Radar would give them a spectrum of targets, sonar would help to paint the close-in targets in three-dimensions. In short order, a hologram of the exterior of the ship appeared between the captain and the consoles before him appeared in the air. A representation of Maglen rested at the center of it. The hologram showed space moving around their ship, the whole thing expanding as data from farther and farther out was added to the image.

“Getting a fix on our position,” the crewman at the navigation station reported. He consulted dual databases, one from the recordings of decades from Syriahs and the probes that had been sent out, another from passive measuring, based on gravitational changes recorded at the hull, of great bodies that they’d passed or were in proximity of. From this, an orange track emerged from the back of the representation of Maglen in the hologram, showing where they were going.

“Oh, my!” the navigator, a woman in the red uniform of the crew, her long black hair done up in a bun at the back of her head, exclaimed, as more and more of their path was revealed.

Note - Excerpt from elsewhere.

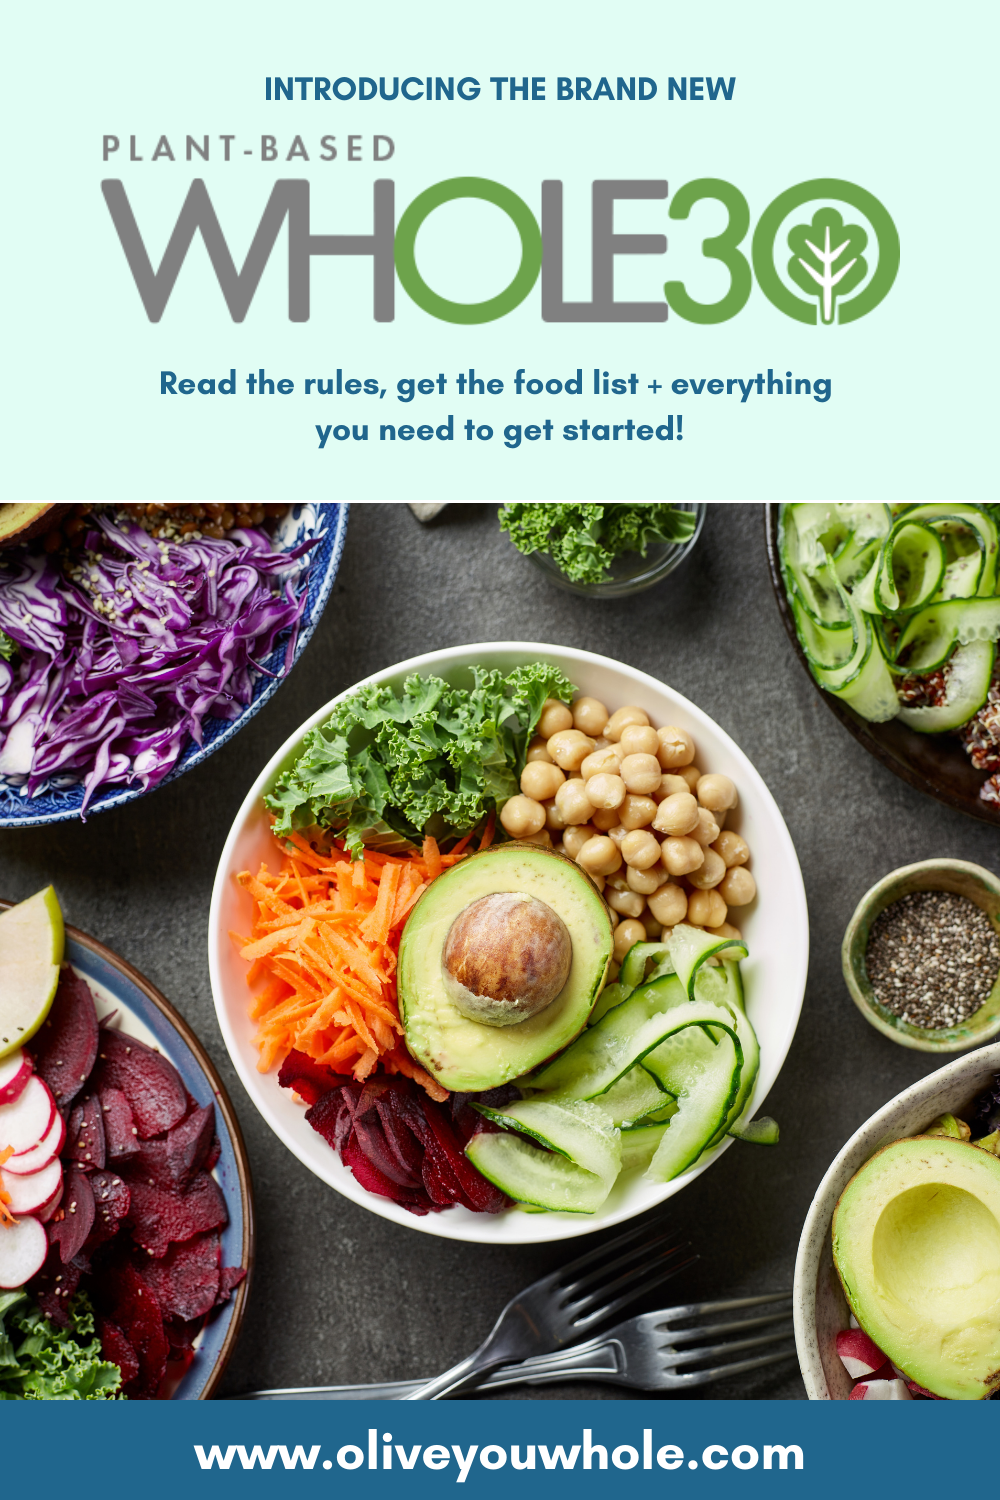 Free Plant-Based Whole30 Foods and Brands Guide - Olive You Whole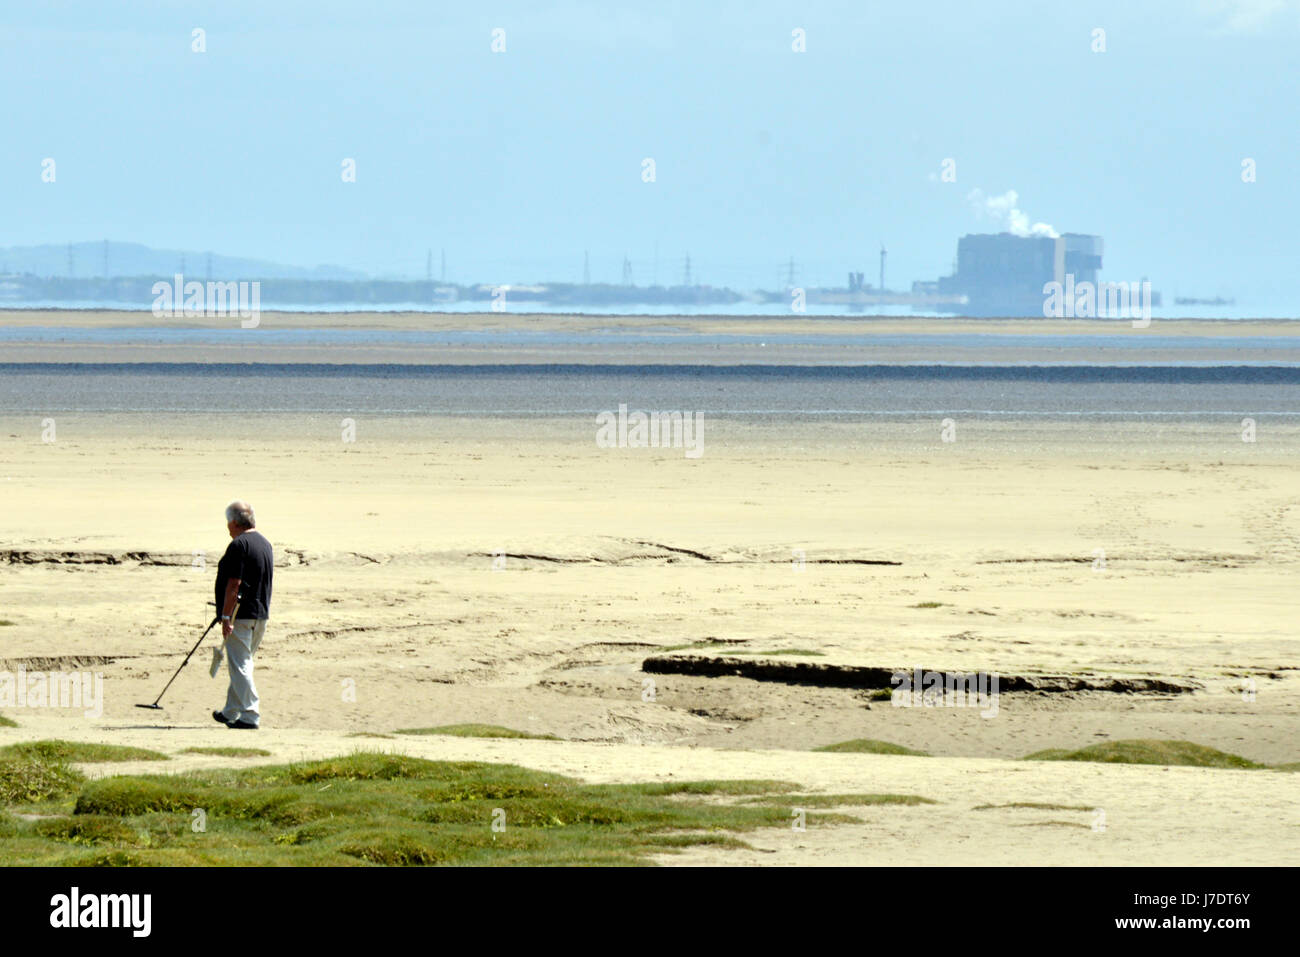 A lone man metal detecting on a desolate beach with a power station in the misty background. Taken at Barrow-in-Furness, looking towards Lancaster, UK. Stock Photo

Because the galaxy and every part of it was in motion, and including Syriahs, and because it didn’t all move at the same speed, their path was a curve through space. The particle beam’s path from Syriahs was constantly corrected for those changes, and therefore their path. In addition, there were corrections to be made for large bodies which were expected to cross their path – as the ship had moved through space, it had from time to time left and regained the path stream to avoid the objects that were expected to cross it. Data from the past showed some very near misses, as well as some objects they’d nearly struck.

To their surprise, it also showed a traffic-jam of space debris, in size from dust particles to asteroids large enough to destroy their ship, traveling in their wake.

“What is that?” Roo demanded.

“That’s the effect of inertial mass, isn’t it?” Kharen asked, looking at Regnal directly.

All eyes turned to him.

“It is,” he said. “As we moved faster than light, our mass effectively increased, and then our gravitational effect on everything we passed increased. None of it could keep up with us, but it seems like we put all of it in motion behind us, and with nothing to stop it, it’s just going to keep going.”

“So eventually, we’re going to need to get out of its way,” Livven said. She peered into the trail of debris that was following them, going back and growing as far as the hologram reported.

Already the hologram had stopped growing and now was filling in more blanks in its image.

“It’s not that simple,” Hames informed them. He’d been a key part of plotting their course and then it was necessary for him to see all of this. “Our path is directly for the planet we intend to land on. That was made to be as close to a direct hit as we could make it, even when we knew about the belt.”

“So while that debris isn’t a threat to us, it’s going to rain down on our destination,” Roo said.

Hames nodded. “We’ve doomed the place where we plan to go.”